Member of the West Bengal Legislative Assembly
- Incumbent
- Assumed office 4 May 2026
- Preceded by: Uttara Singha
- Constituency: Garbeta

Personal details
- Born: 1961 (age 64–65)
- Party: Bharatiya Janata Party
- Profession: Politician

= Pradip Lodha =

Indian politician (born 1961)

Pradip Lodha (born 1961) is an Indian politician from West Bengal. He is a member of the West Bengal Legislative Assembly from the Garbeta Assembly constituency in Paschim Medinipur district representing the Bharatiya Janata Party.

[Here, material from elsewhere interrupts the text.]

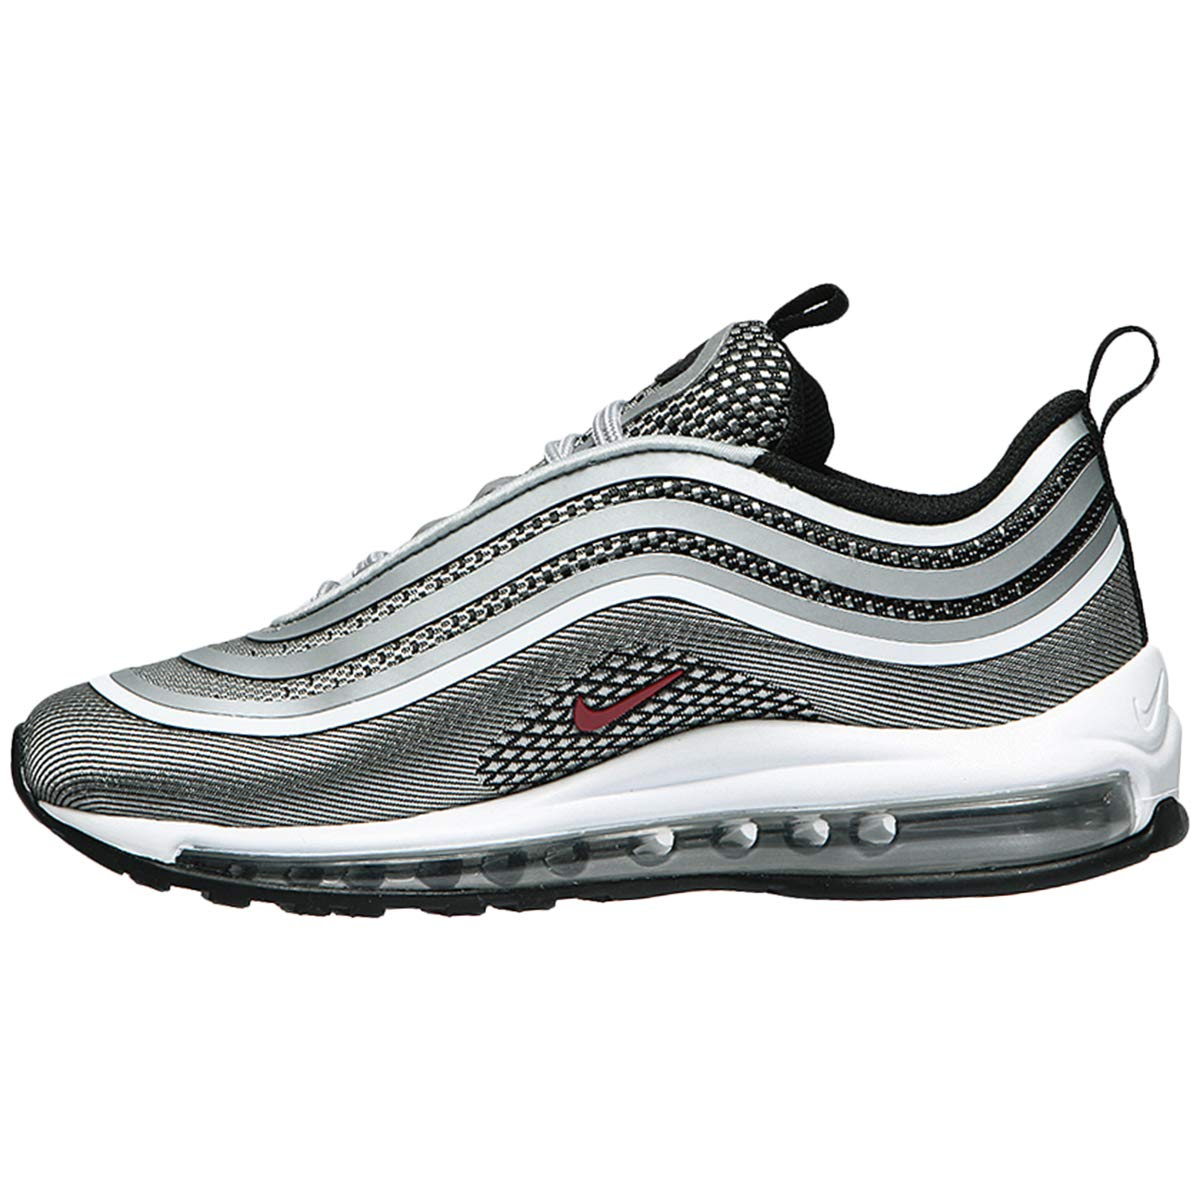 reputable site b426b 5f988 Nike Youth Air Max 97 UL 17 GS Textile Metallic Silver Formateurs 35.5 EU   Amazon.fr  Chaussures et Sacs

== Early life and education ==
Lodha is from Garbeta, Paschim Medinipur district, West Bengal. He is the son of the late Nandalal Lodha. He completed his BCom at a college affiliated with the University of Calcutta in 1982. He along with his wife, runs the family business. He declared assets worth Rs.1 crore in 2016 and Rs.6 crore in 2026, in his affidavit to the Election Commission of India.

== Career ==
Lodha won the Garbeta Assembly constituency representing the Bharatiya Janata Party in the 2026 West Bengal Legislative Assembly election. He polled 1,13,752 votes and defeated his nearest rival and sitting MLA, Uttara Singha of the All India Trinamool Congress, by a margin of 26,225 votes. In the 2016 West Bengal Legislative Assembly election, he contested from Garbeta and finished third behind winner, Asish Chakraborty of the Trinamool Congress and Sorforaj Khan of the Communist Party of India (Marxist).